**TASK STATEMENT**
In the material below, pictures must be dropped. Repeat exactly, and only, the lines from the line with "Realme Buds Air" to the line with "e461dd312804e jeweled-shoes-snag-on-wedding-dress.html in", both ends included.

**TASK INPUTS**
Segment Open

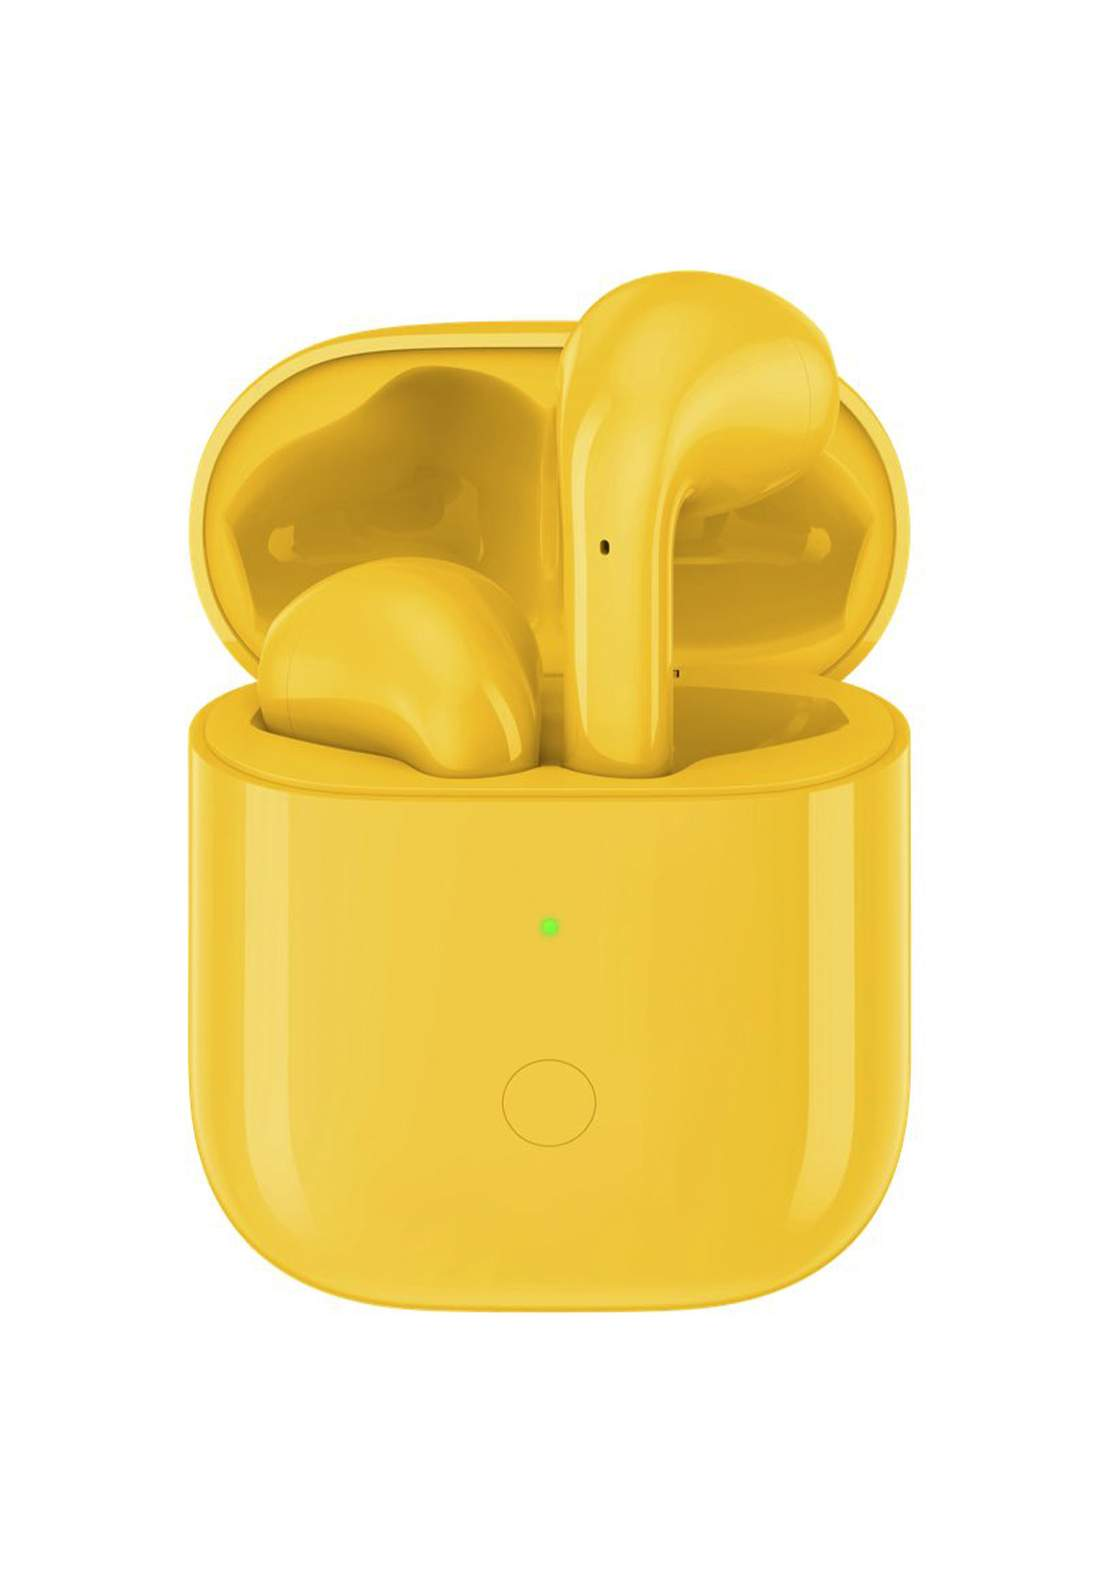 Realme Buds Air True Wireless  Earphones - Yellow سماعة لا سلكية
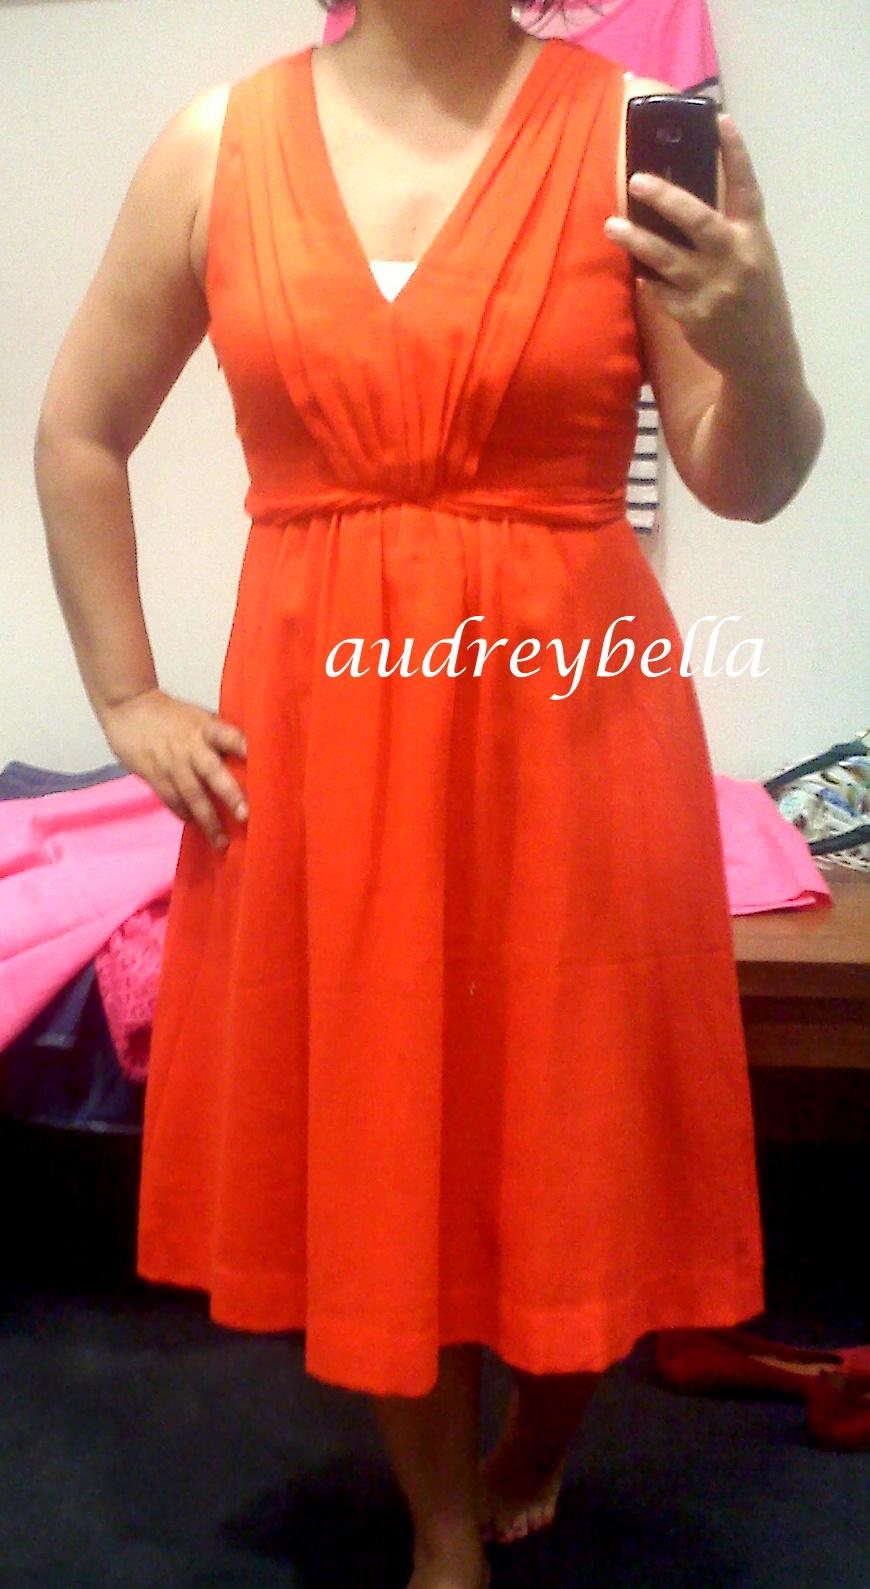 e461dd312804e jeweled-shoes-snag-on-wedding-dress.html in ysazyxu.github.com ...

Segment Closed
Segment Open

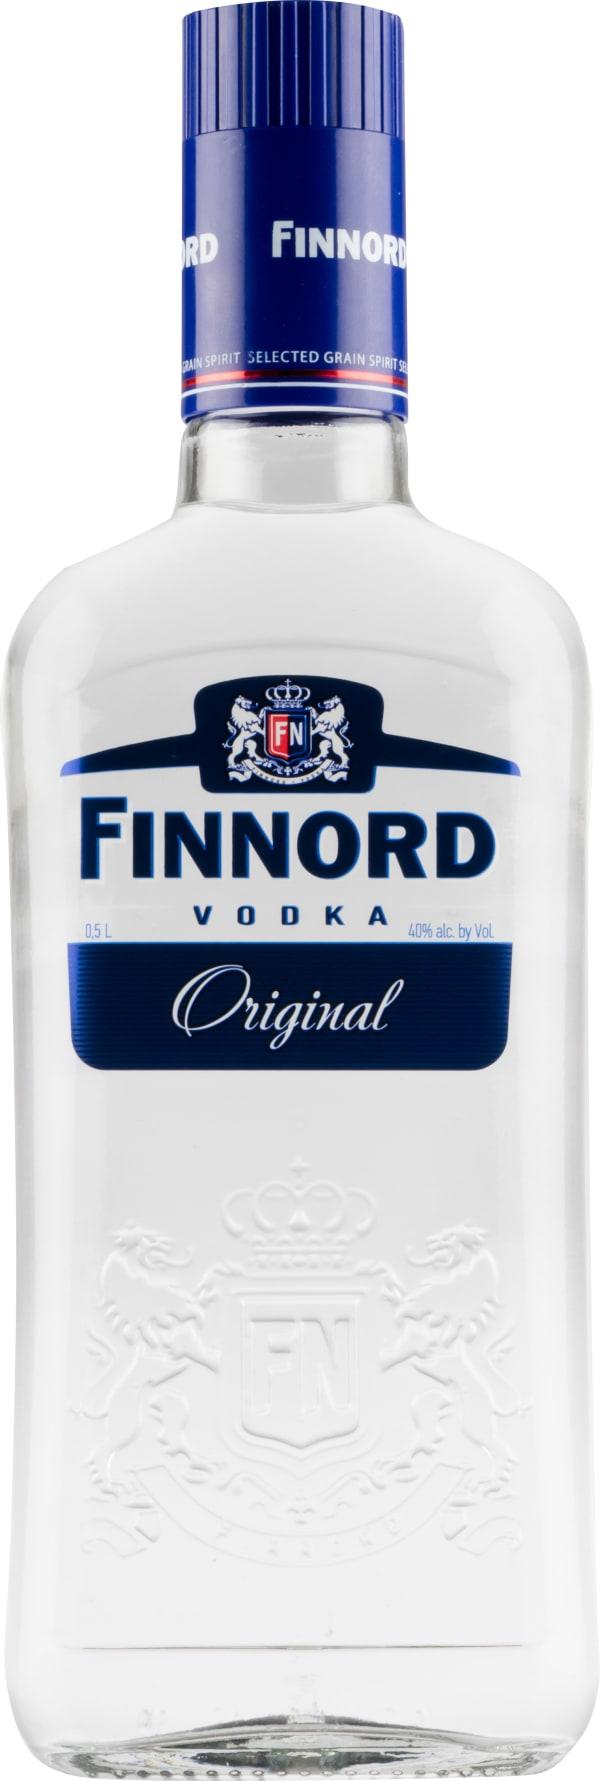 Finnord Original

Segment Closed

**RESULT FOR THIS EXERCISE**
 Realme Buds Air True Wireless  Earphones - Yellow سماعة لا سلكية
 e461dd312804e jeweled-shoes-snag-on-wedding-dress.html in ysazyxu.github.com ...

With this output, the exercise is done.